_Provided data_.

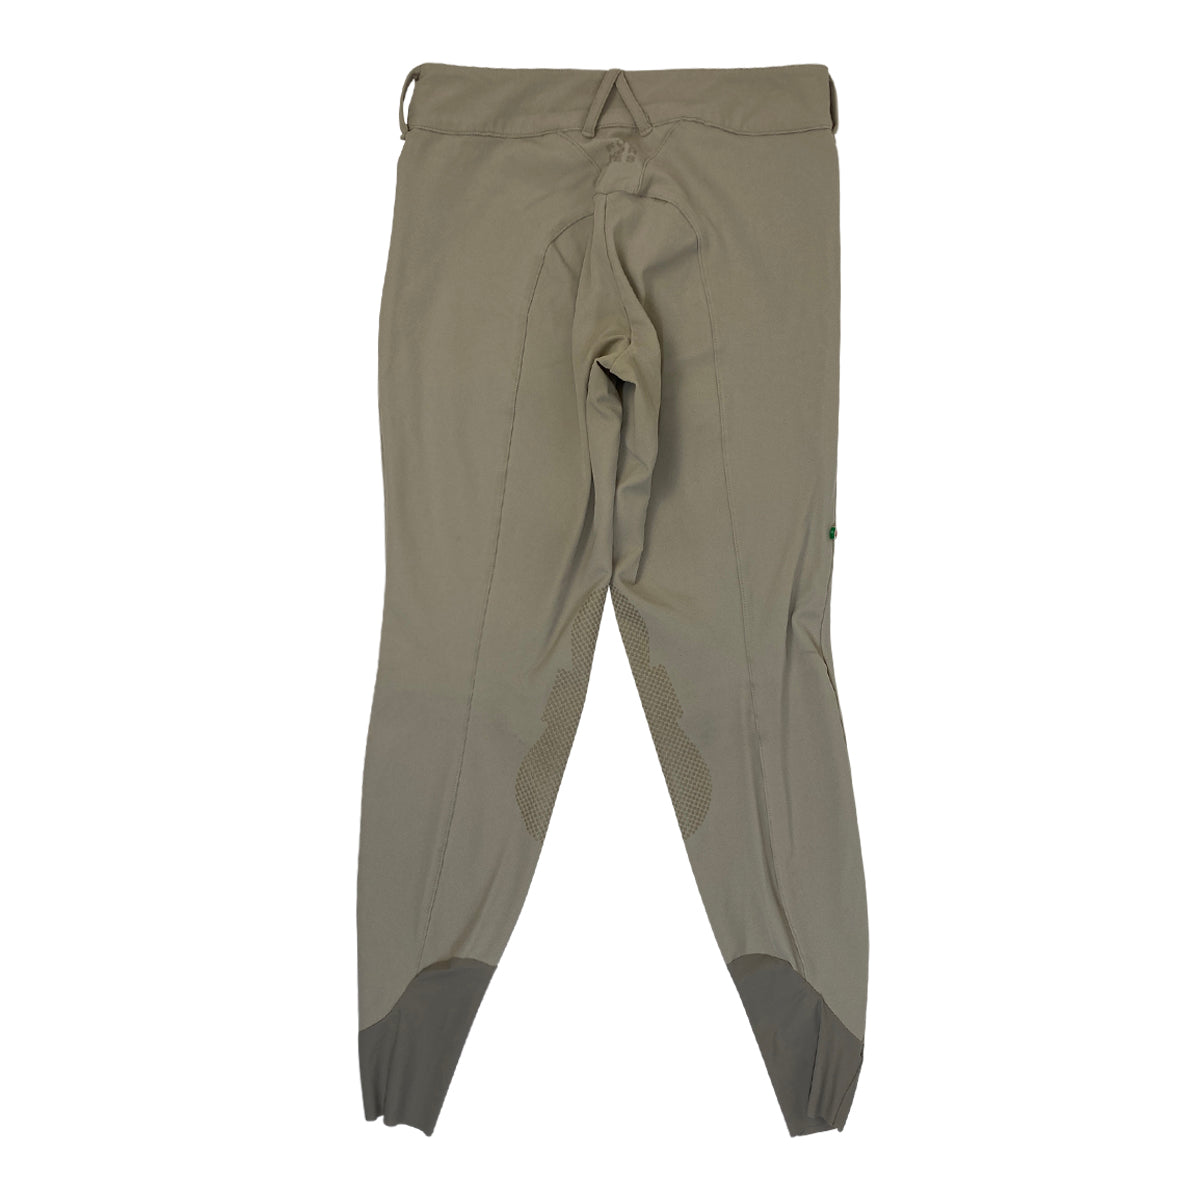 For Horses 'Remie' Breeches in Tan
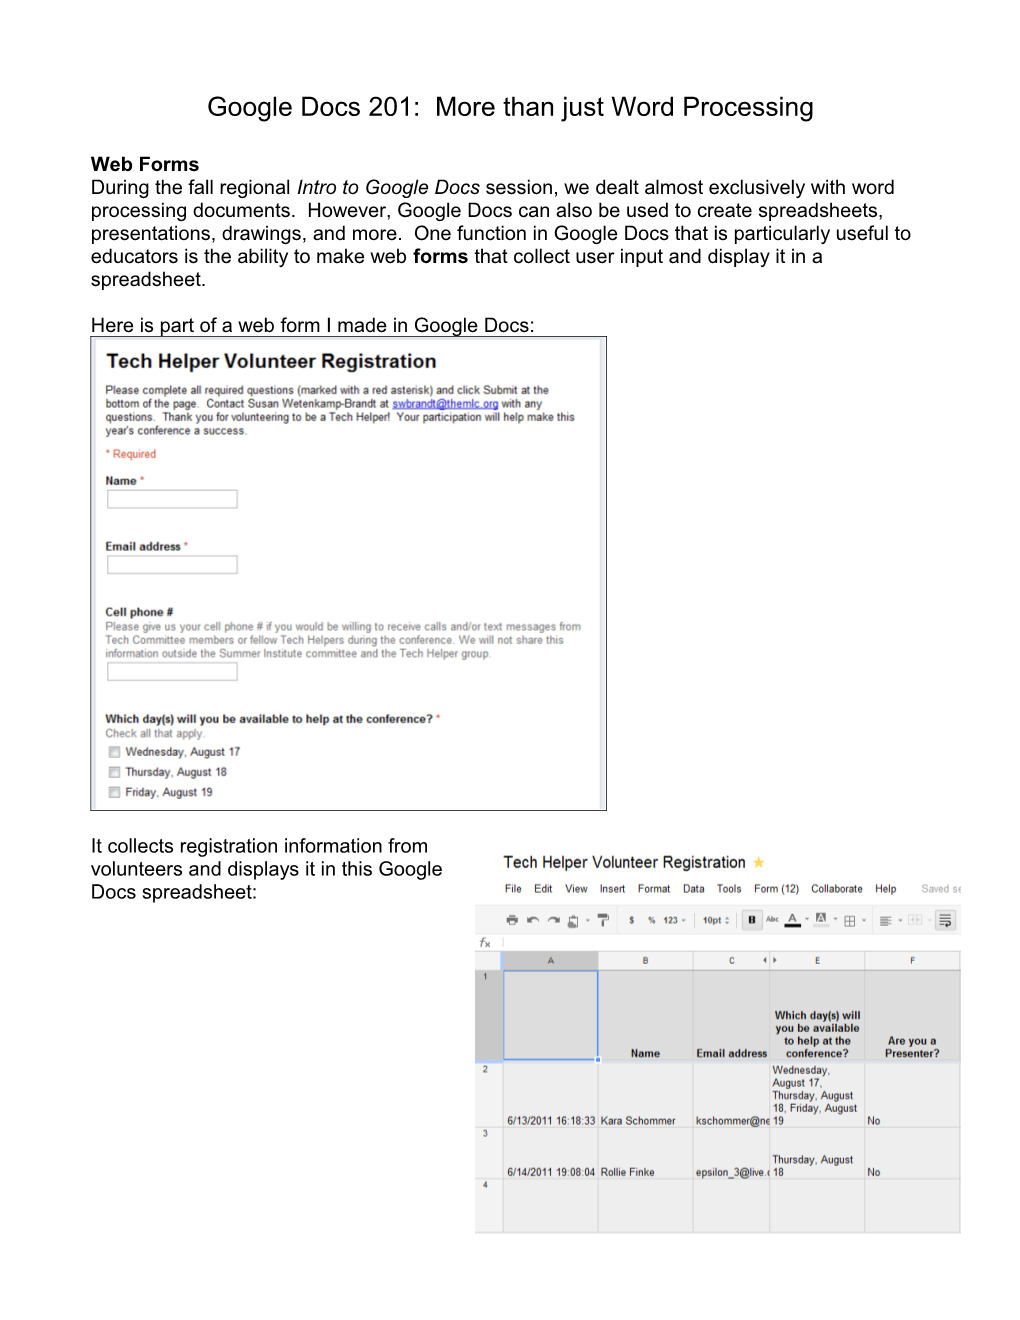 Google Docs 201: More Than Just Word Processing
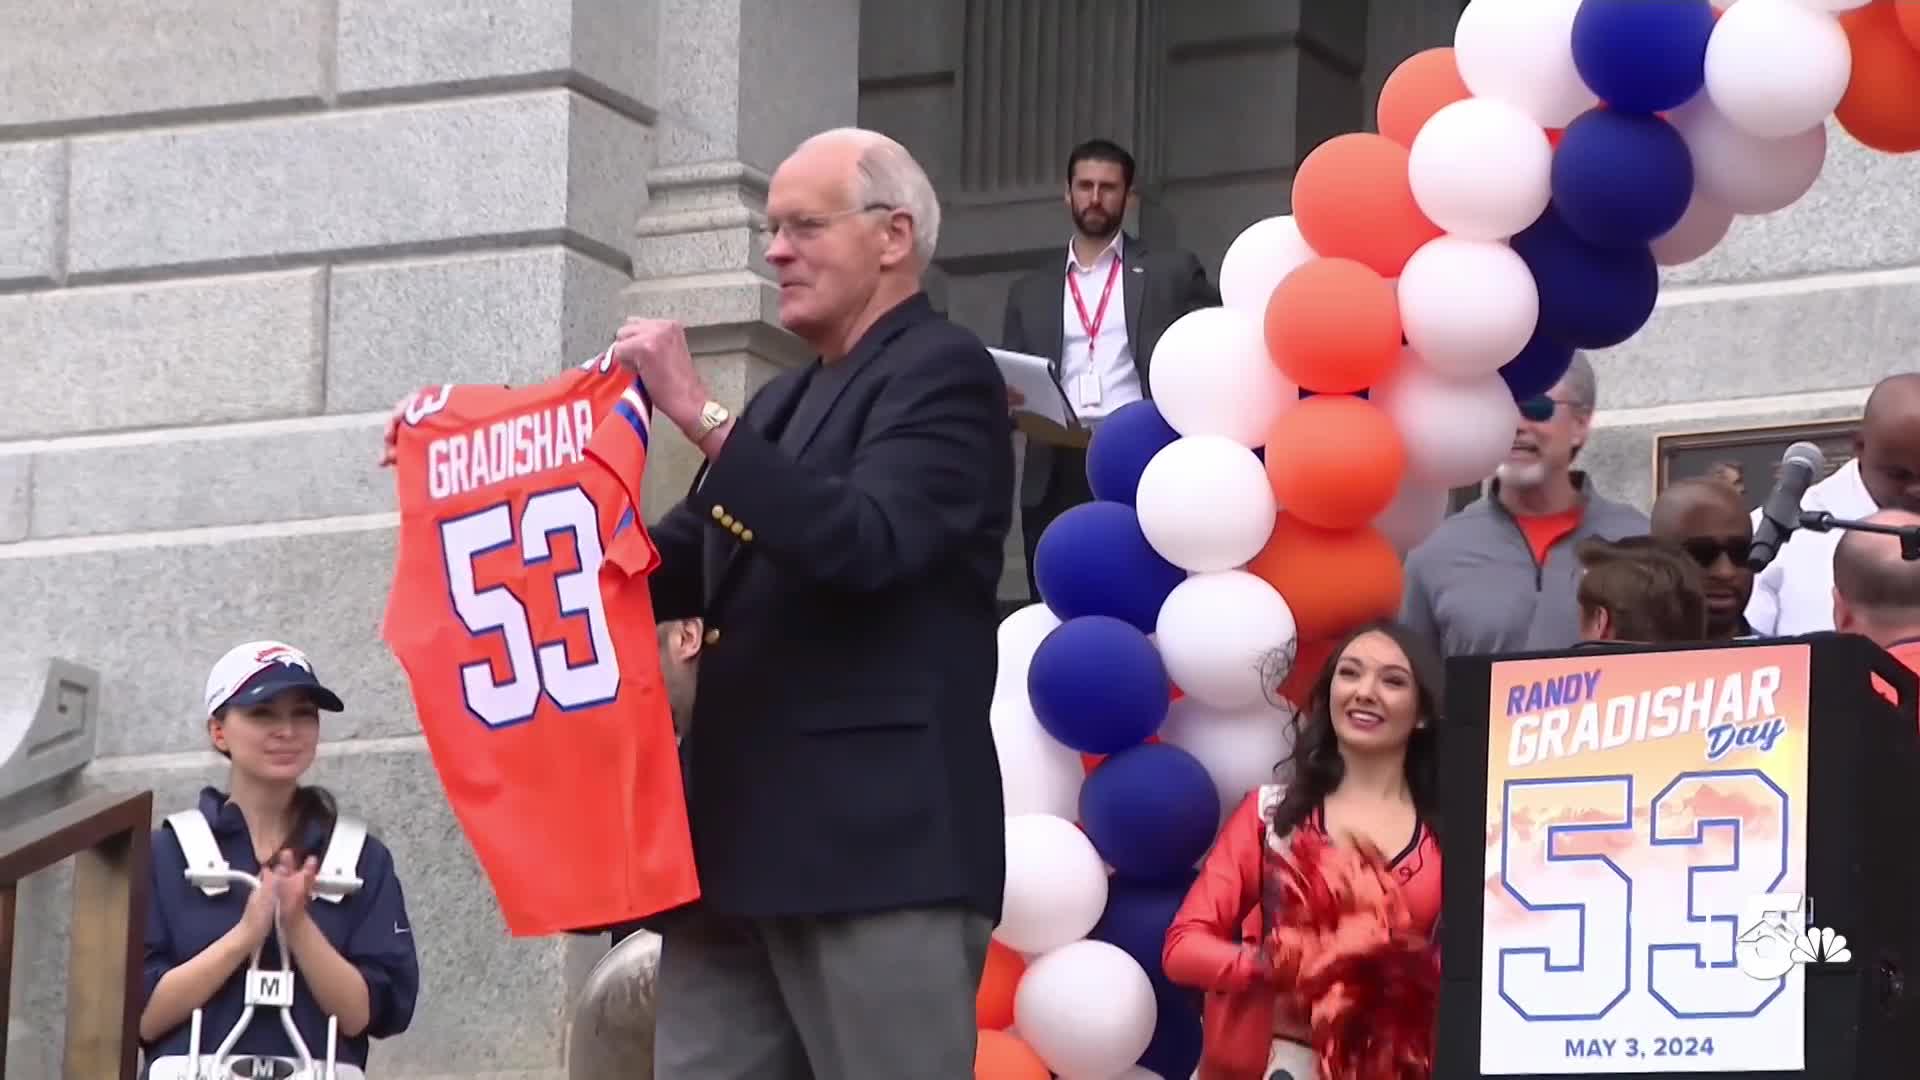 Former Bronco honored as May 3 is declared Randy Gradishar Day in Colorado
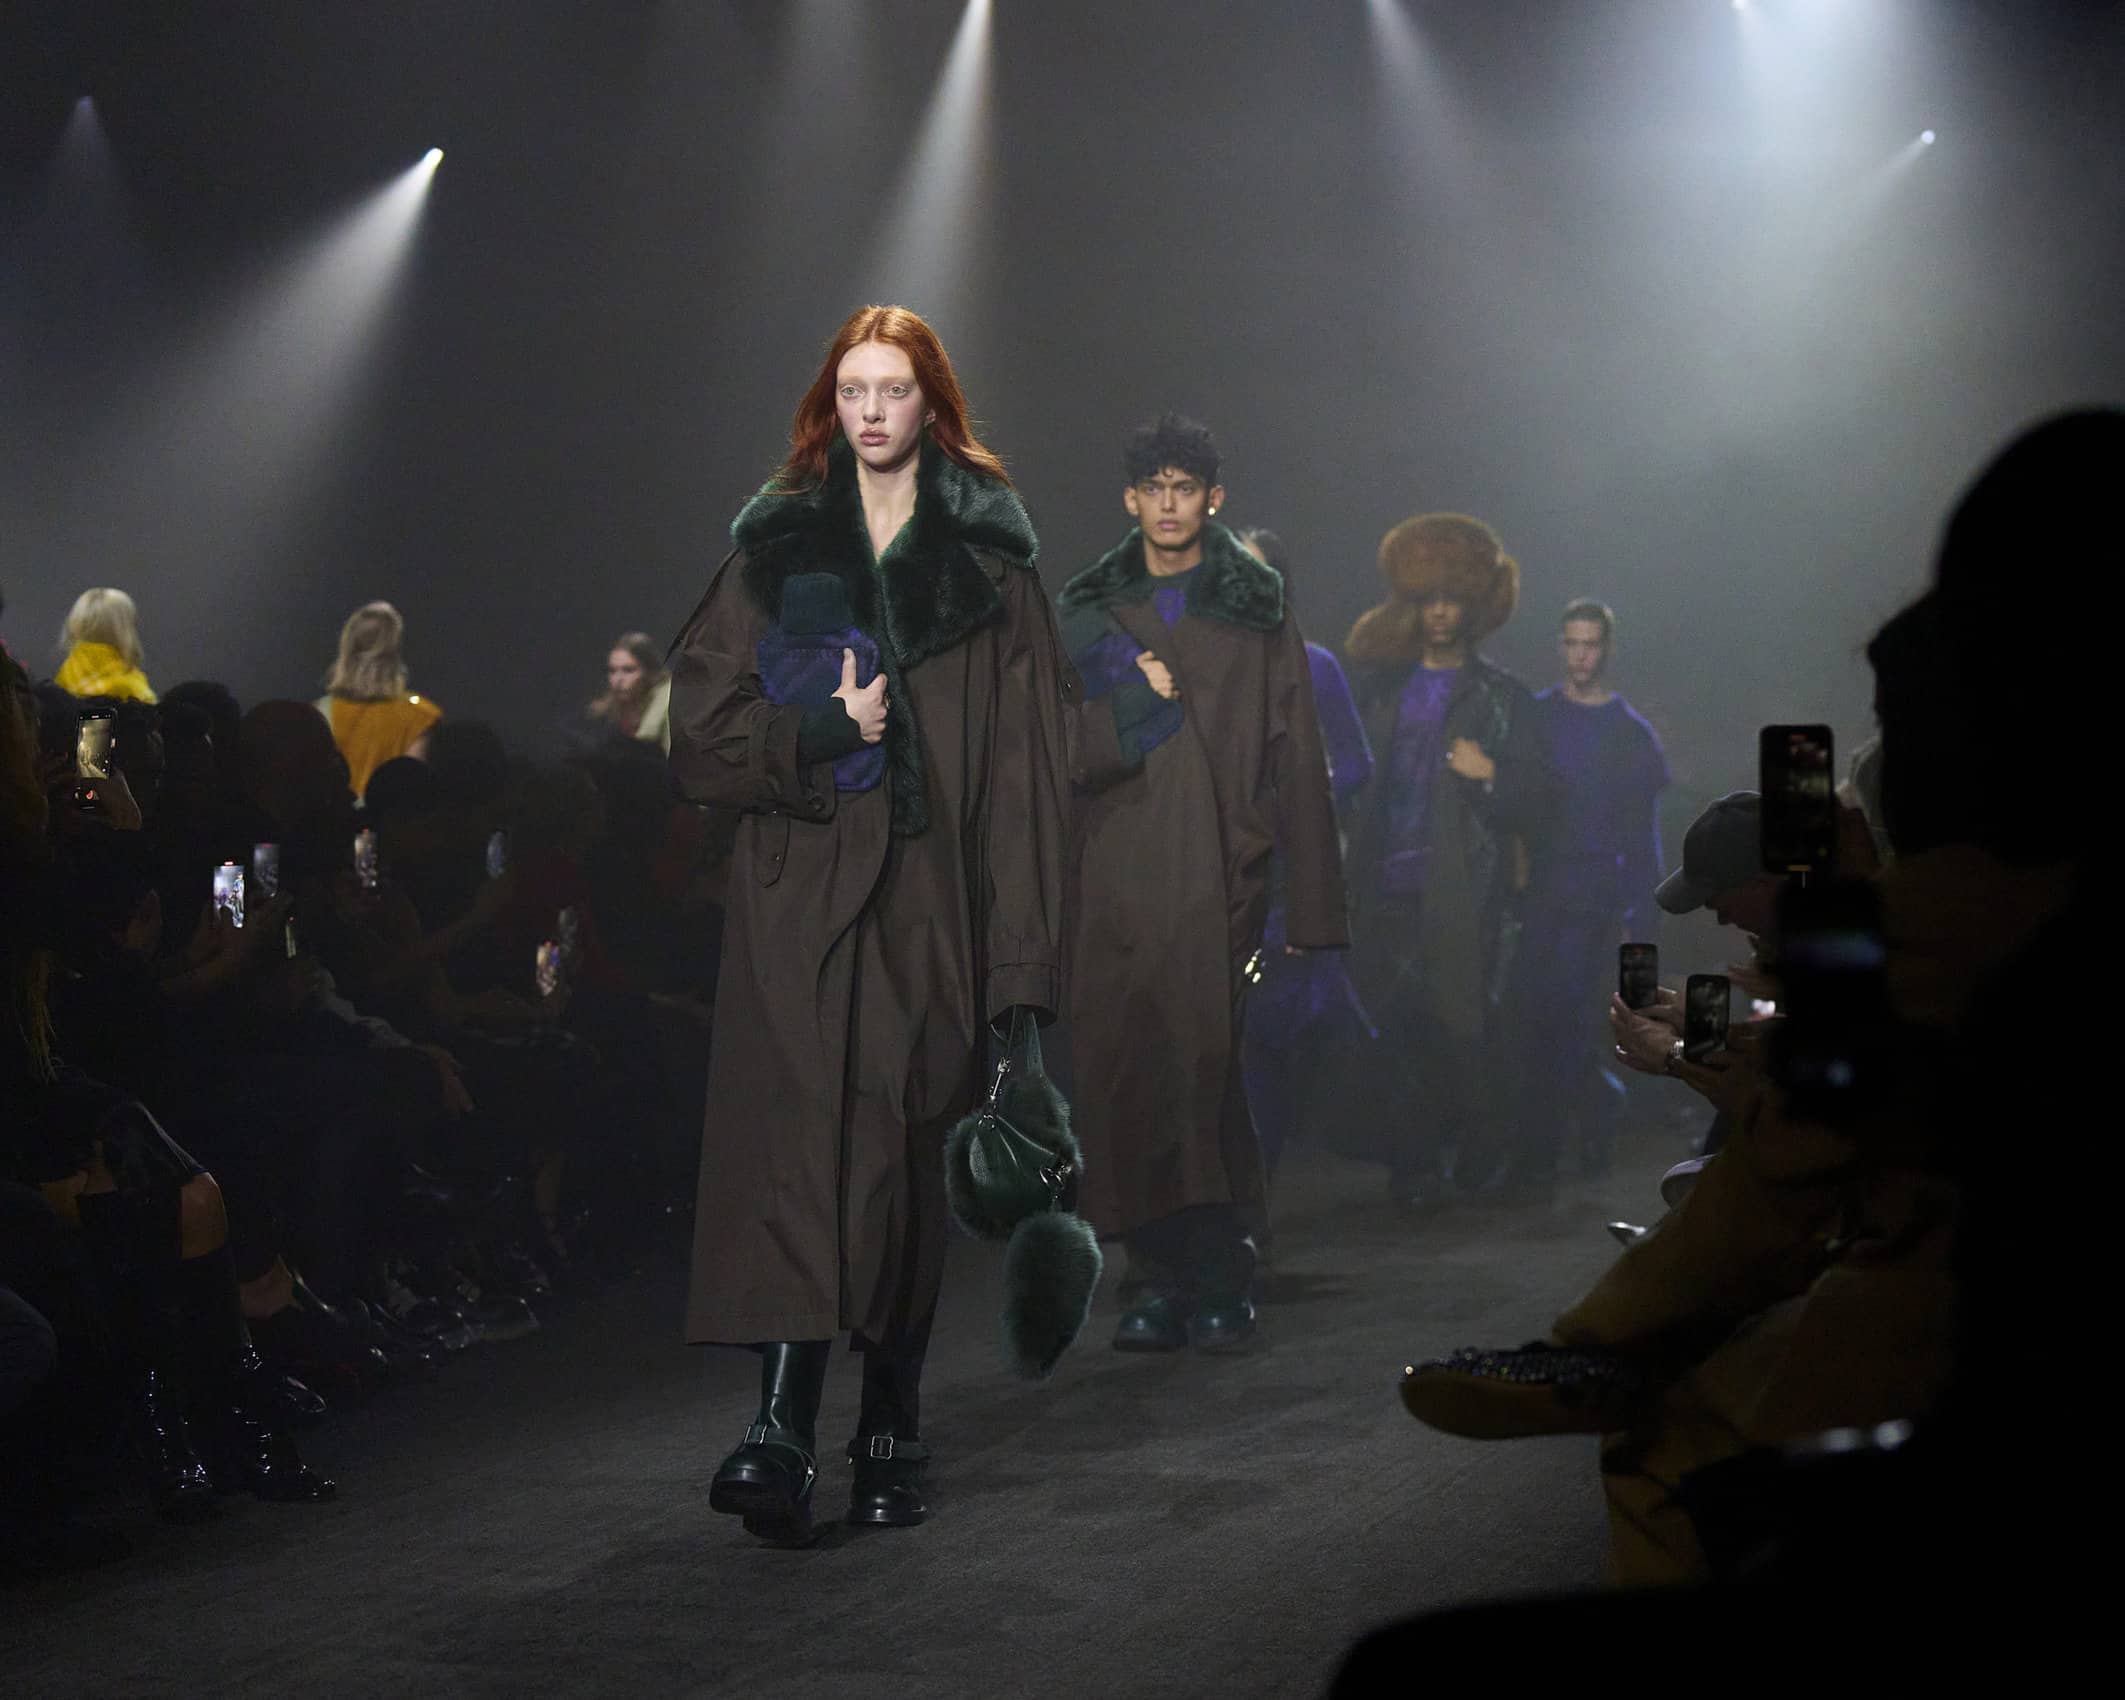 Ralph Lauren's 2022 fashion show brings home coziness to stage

_Task to carry out_. With the pictures removed, set down every line of the listing above exactly.

_Result of the exercise_.
 For Horses 'Remie' Breeches in Tan
 Google Docs 201: More Than Just Word Processing
 Former Bronco honored as May 3 is declared Randy Gradishar Day in Colorado
 Ralph Lauren's 2022 fashion show brings home coziness to stage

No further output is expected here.